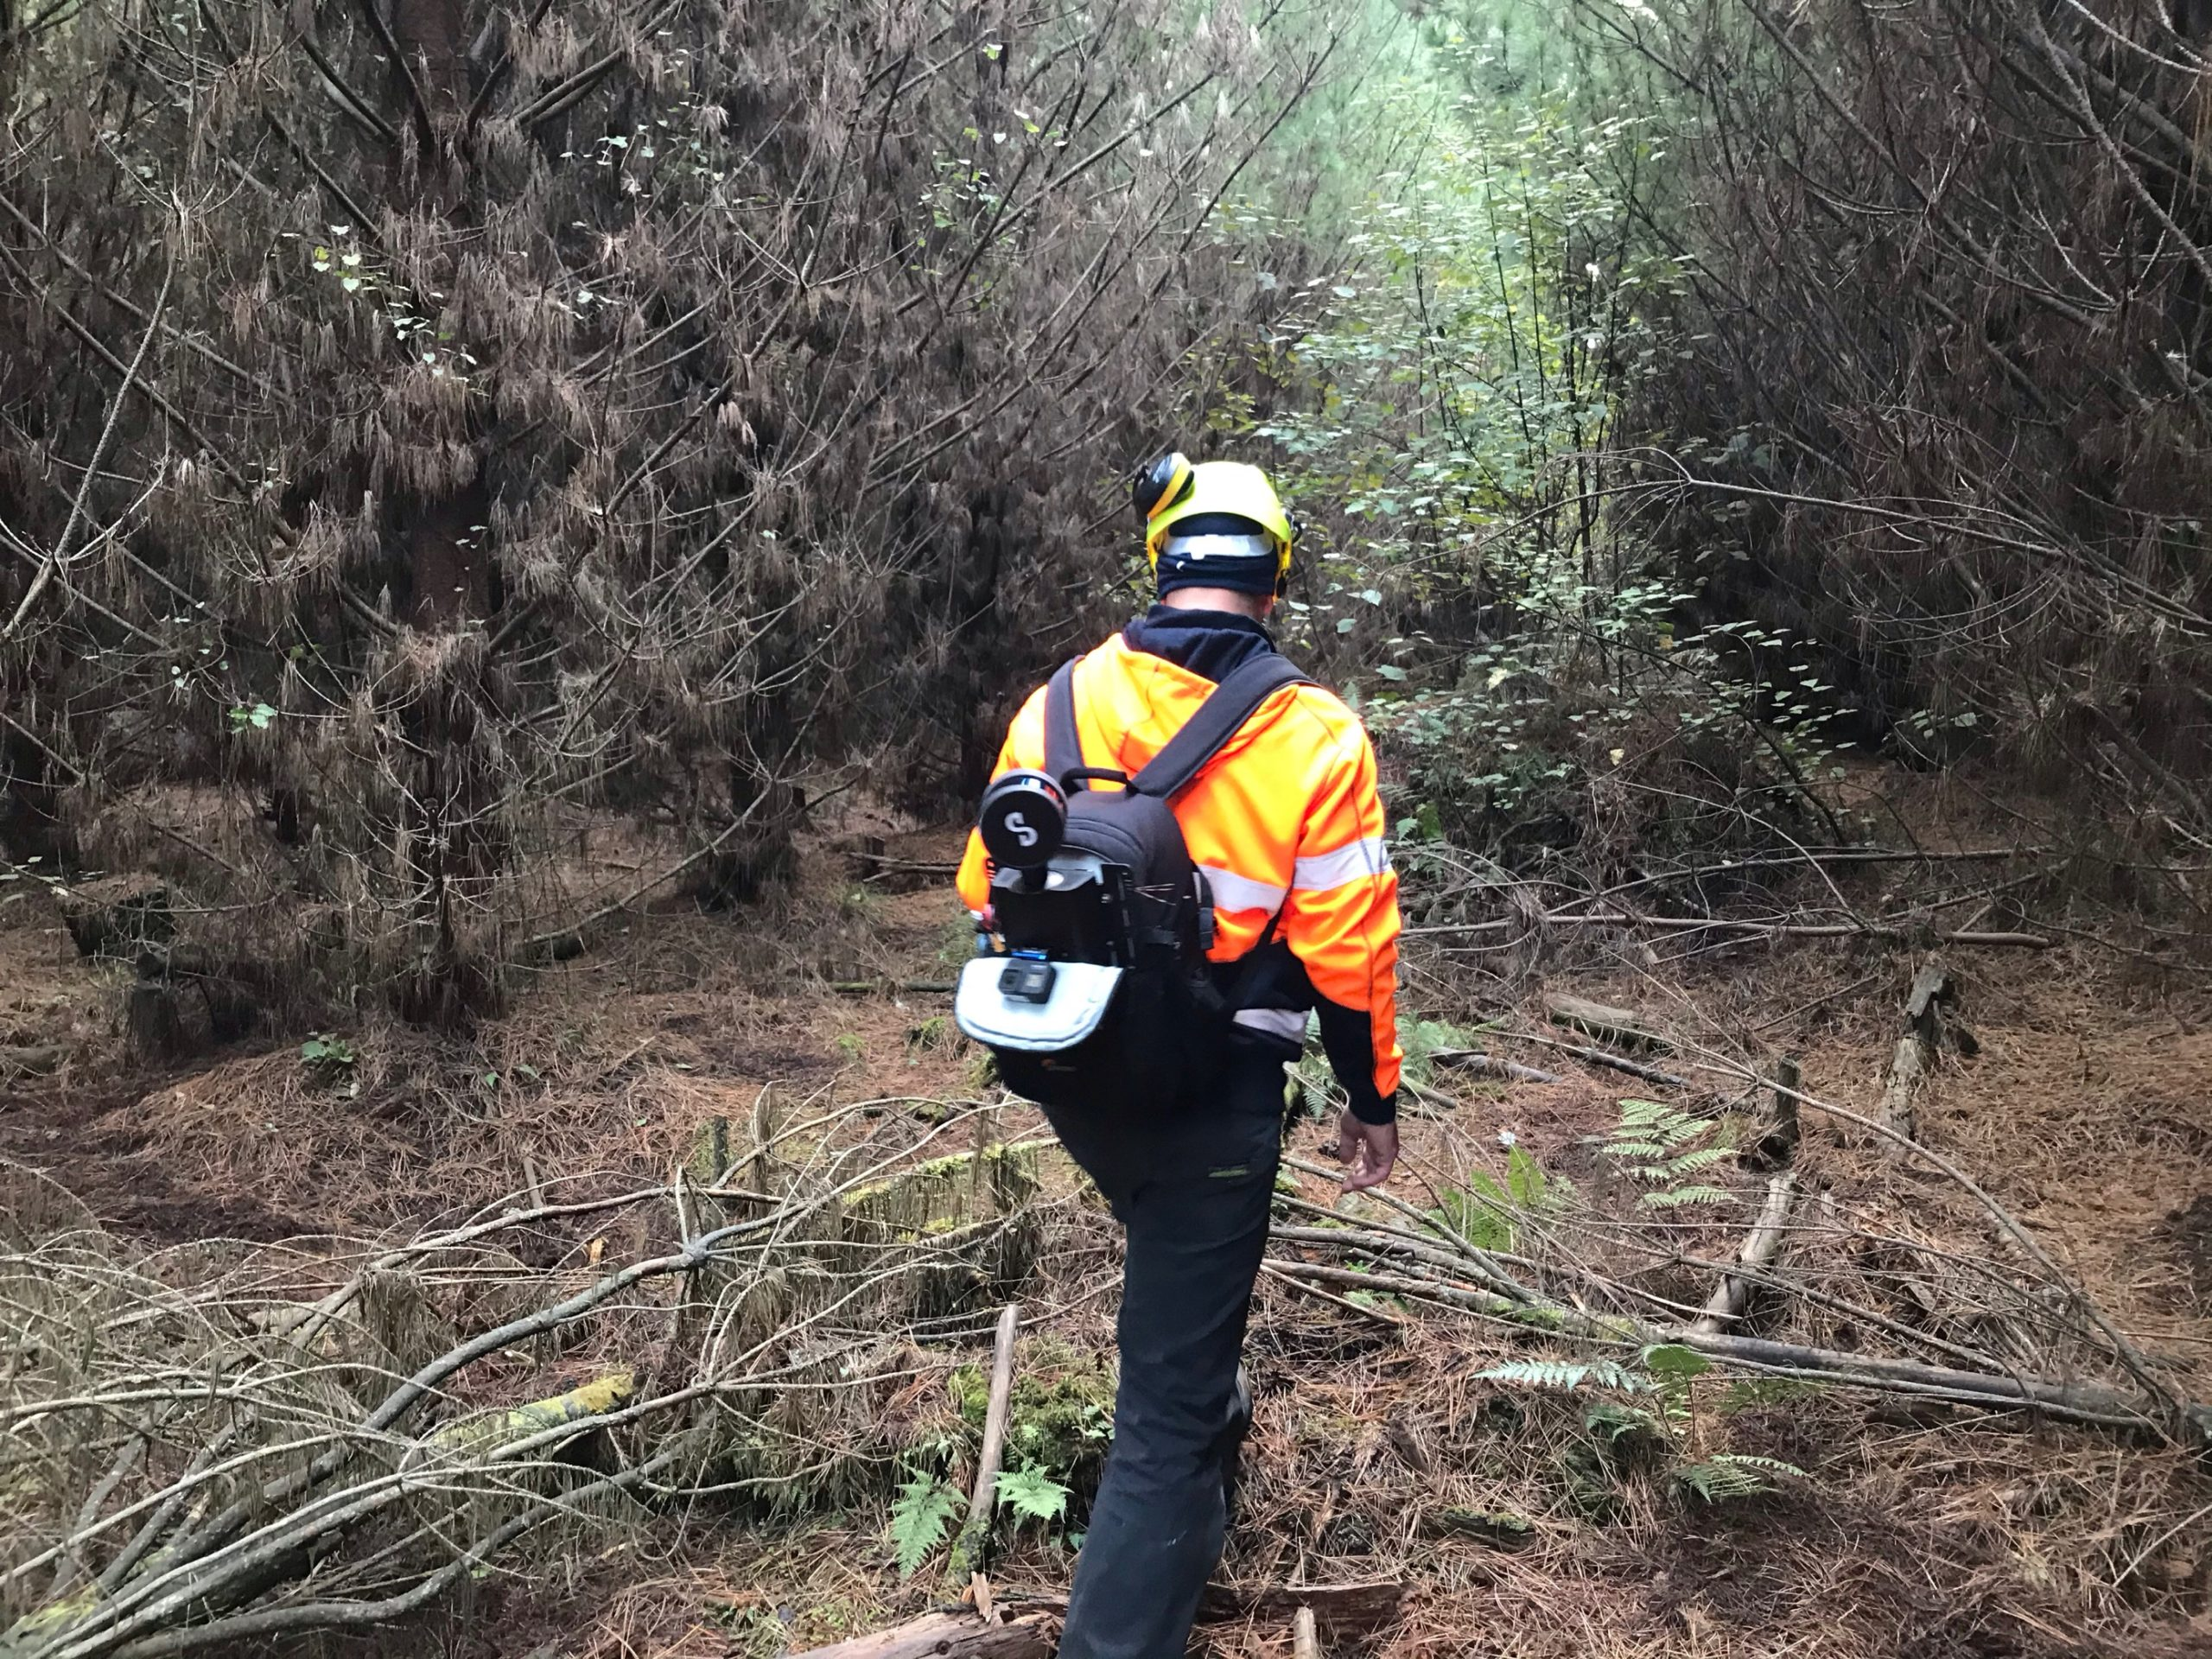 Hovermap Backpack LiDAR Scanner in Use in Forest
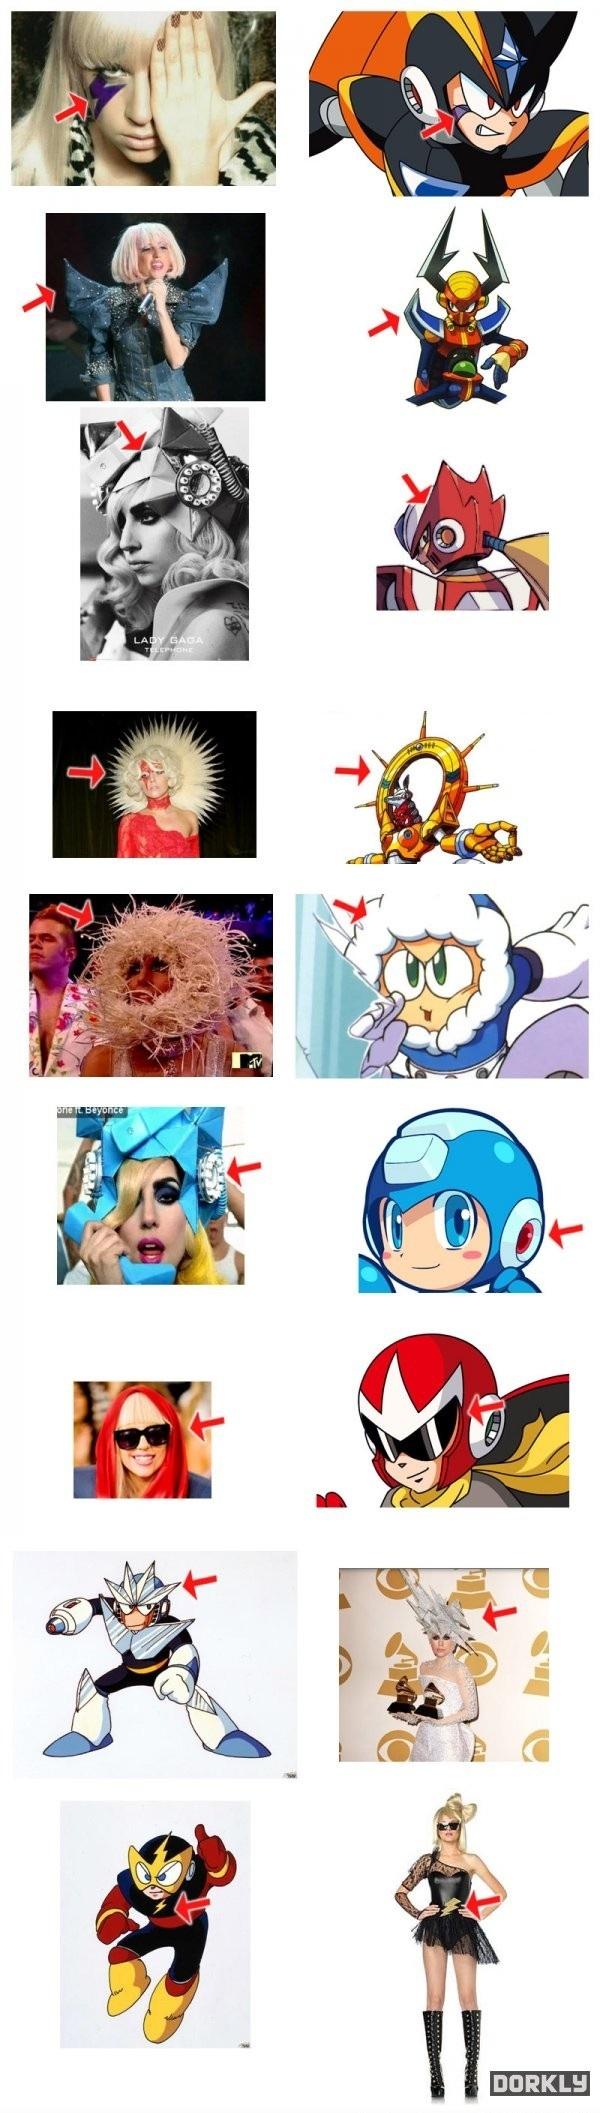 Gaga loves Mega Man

...

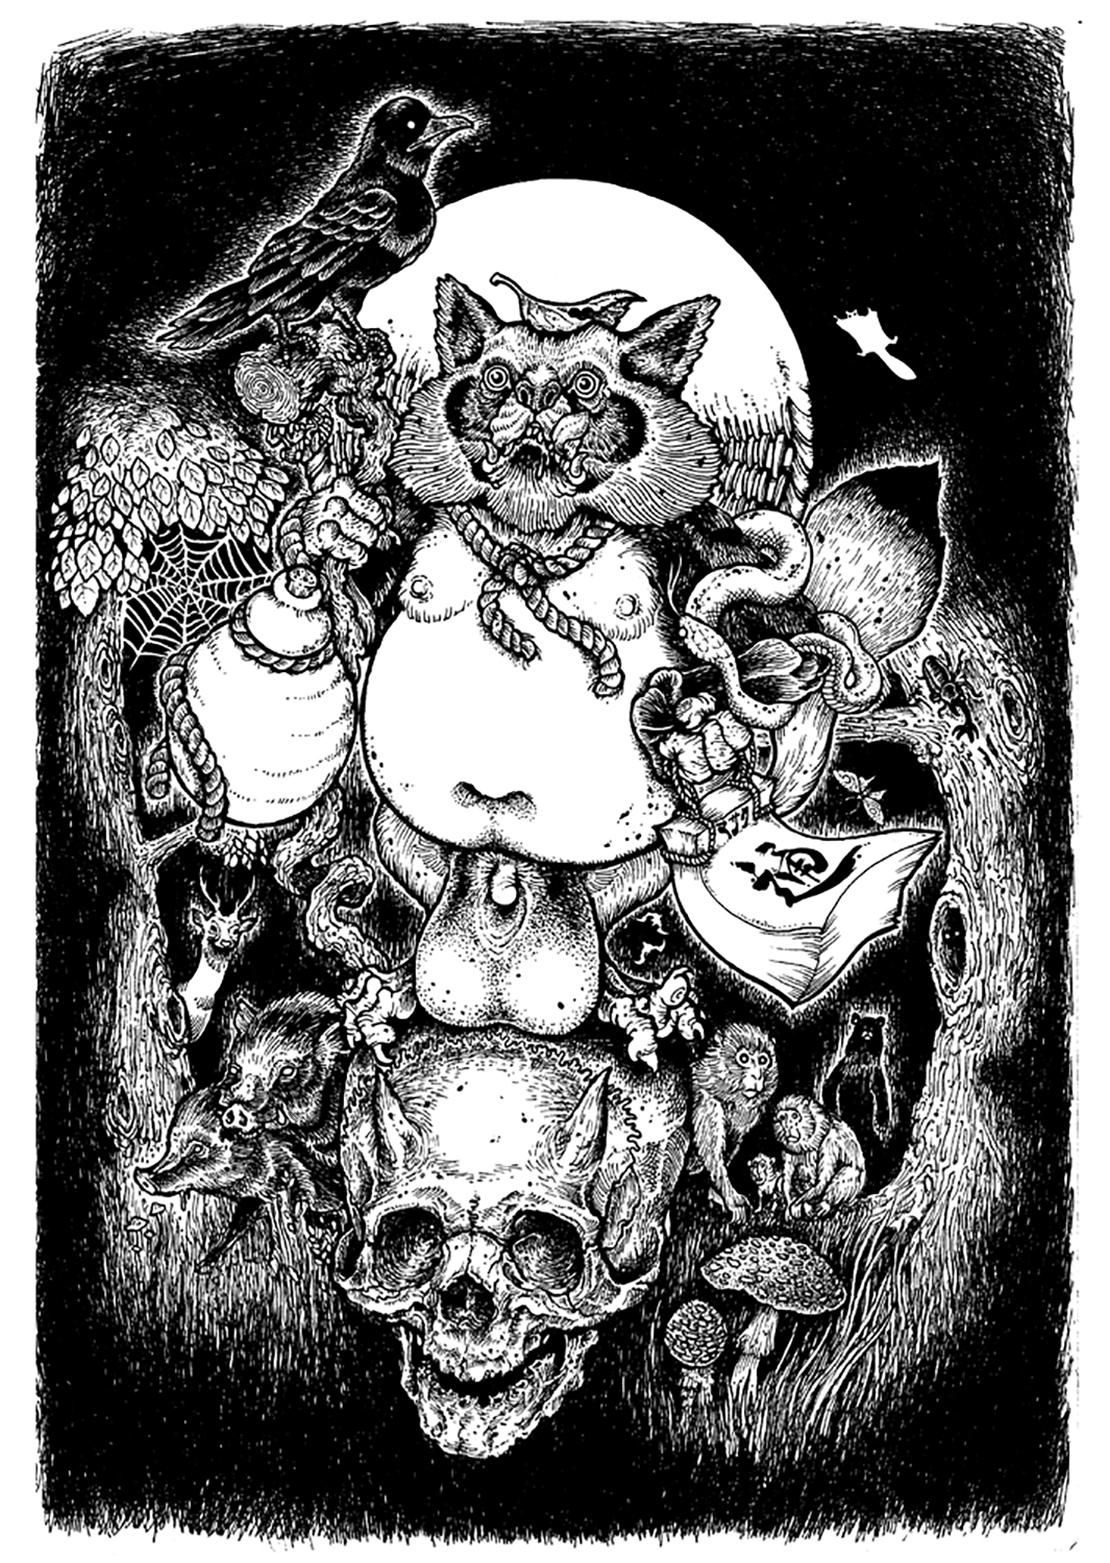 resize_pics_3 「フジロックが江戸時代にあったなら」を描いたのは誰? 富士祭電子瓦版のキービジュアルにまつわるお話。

PROBLEM REQUIREMENTS
The lines to reproduce run from the one above containing "Hovermap Backpack LiDAR" through the one containing "Gaga loves Mega Man". Copy them exactly and leave out all pictures.

EXERCISE RESULT
 Hovermap Backpack LiDAR Scanner in Use in Forest
 Gaga loves Mega Man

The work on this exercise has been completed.